Set down the full listing exactly as given. Any pictures are to be left out.
BEGIN STORED DATA
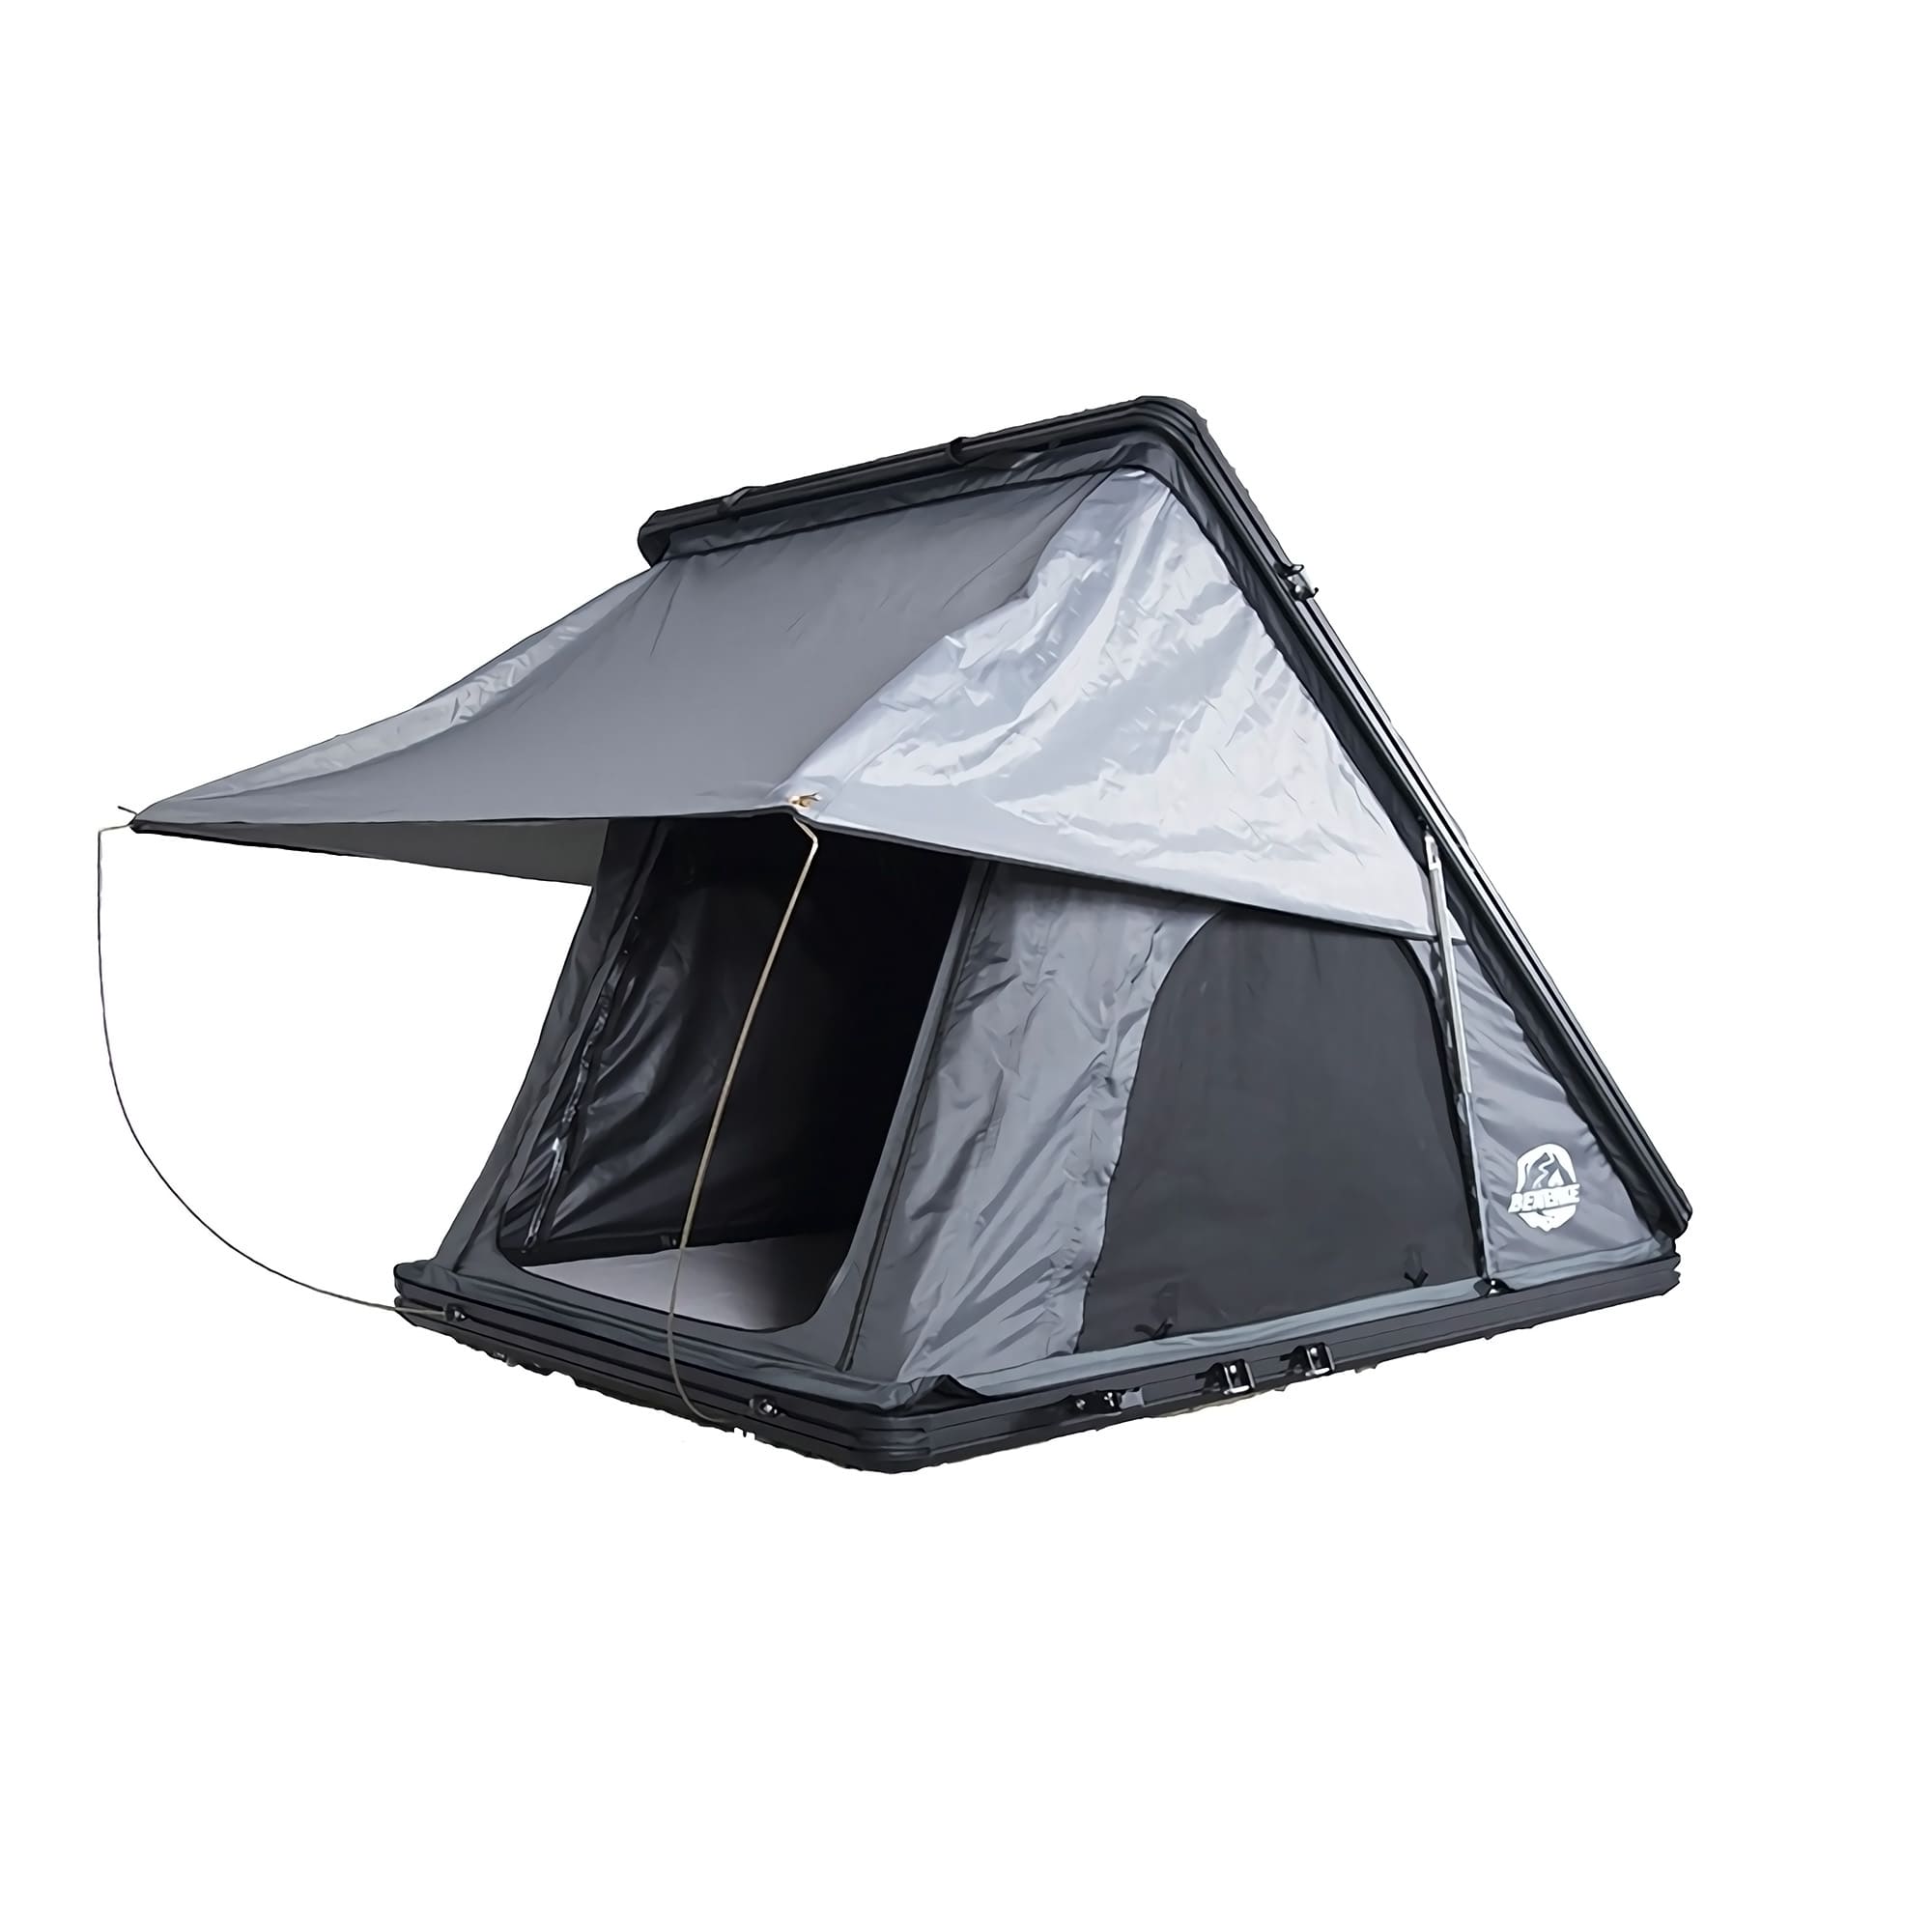  Evedy Roof Top Tent Camping, Aluminium Triangle Shell
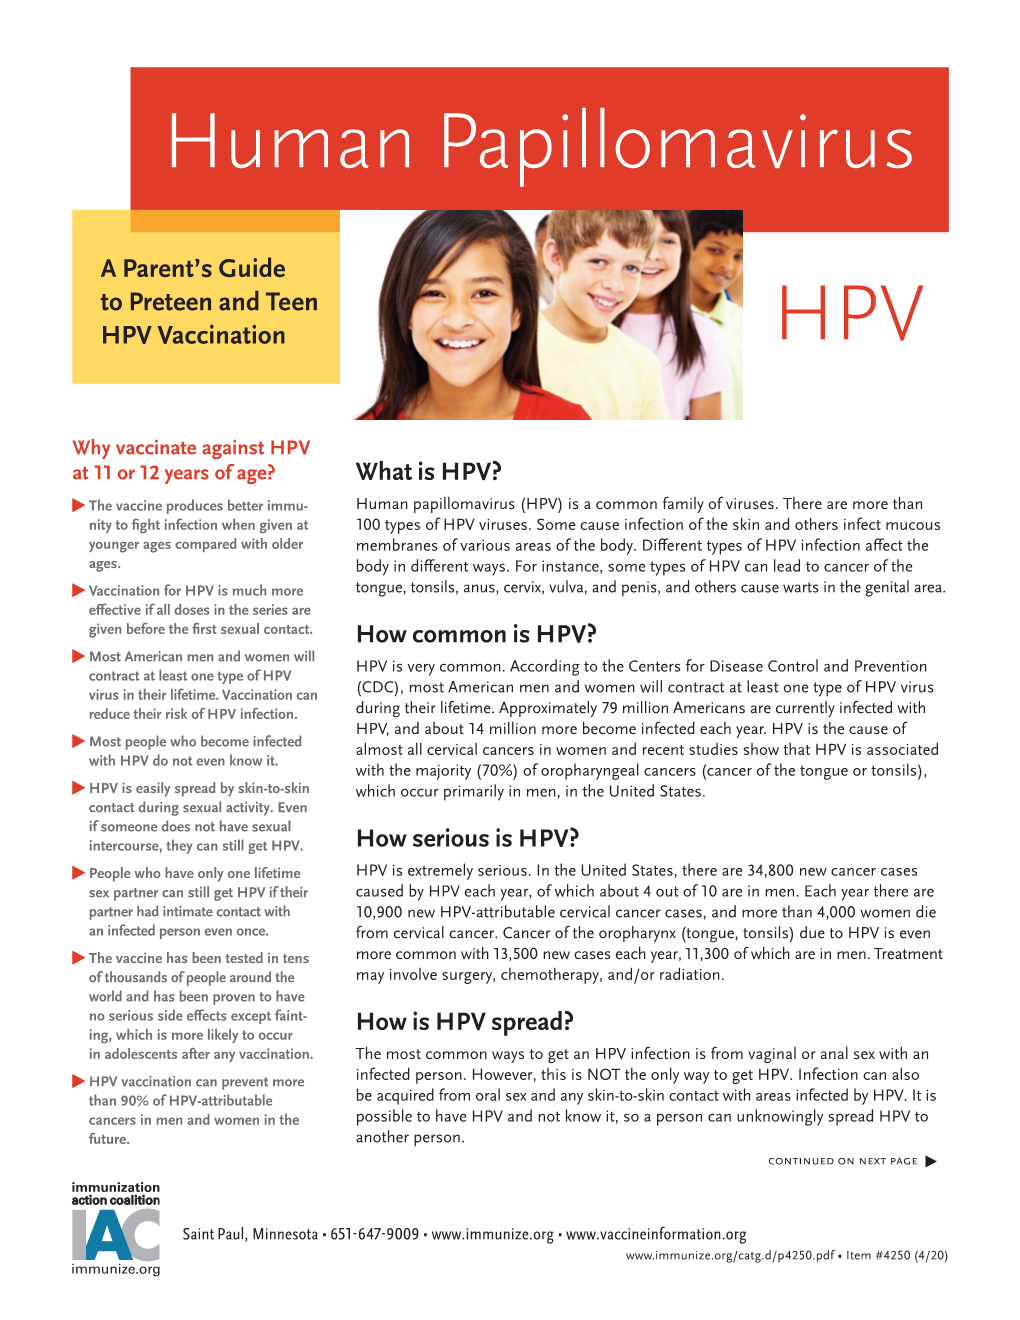 HPV Vaccine: a Parent's Guide
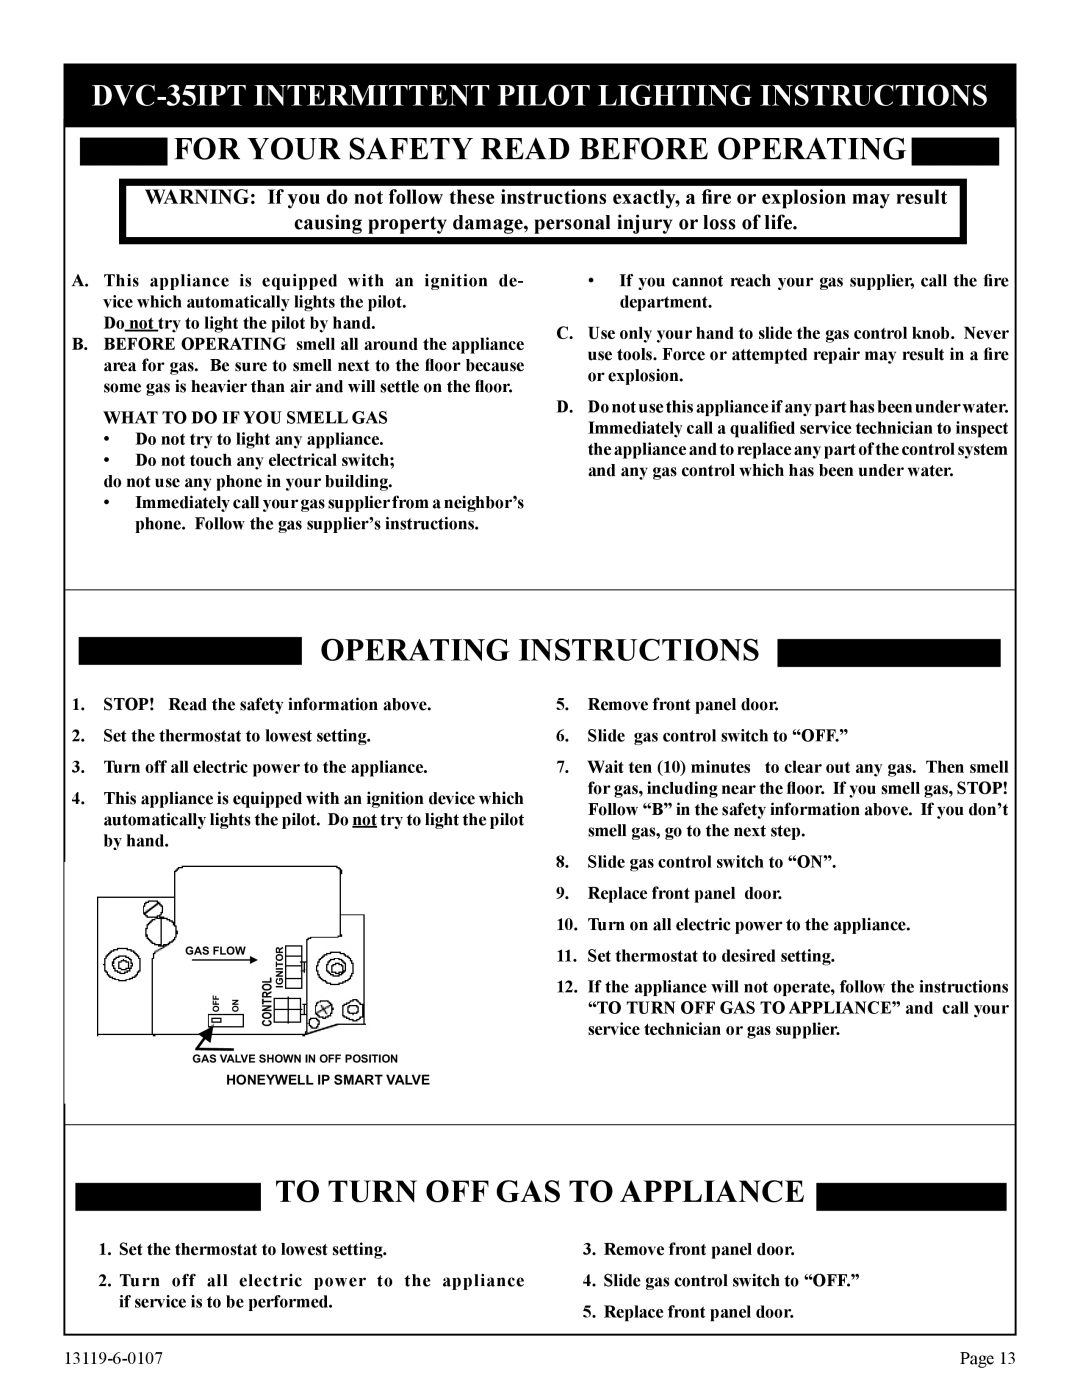 Empire Products DVC-35T-1 For Your Safety Read Before Operating, Operating Instructions, To Turn Off Gas To Appliance
END STORED DATA
### [REPLY]
  Evedy Roof Top Tent Camping, Aluminium Triangle Shell
 HPV Vaccine: a Parent's Guide
 Empire Products DVC-35T-1 For Your Safety Read Before Operating, Operating Instructions, To Turn Off Gas To Appliance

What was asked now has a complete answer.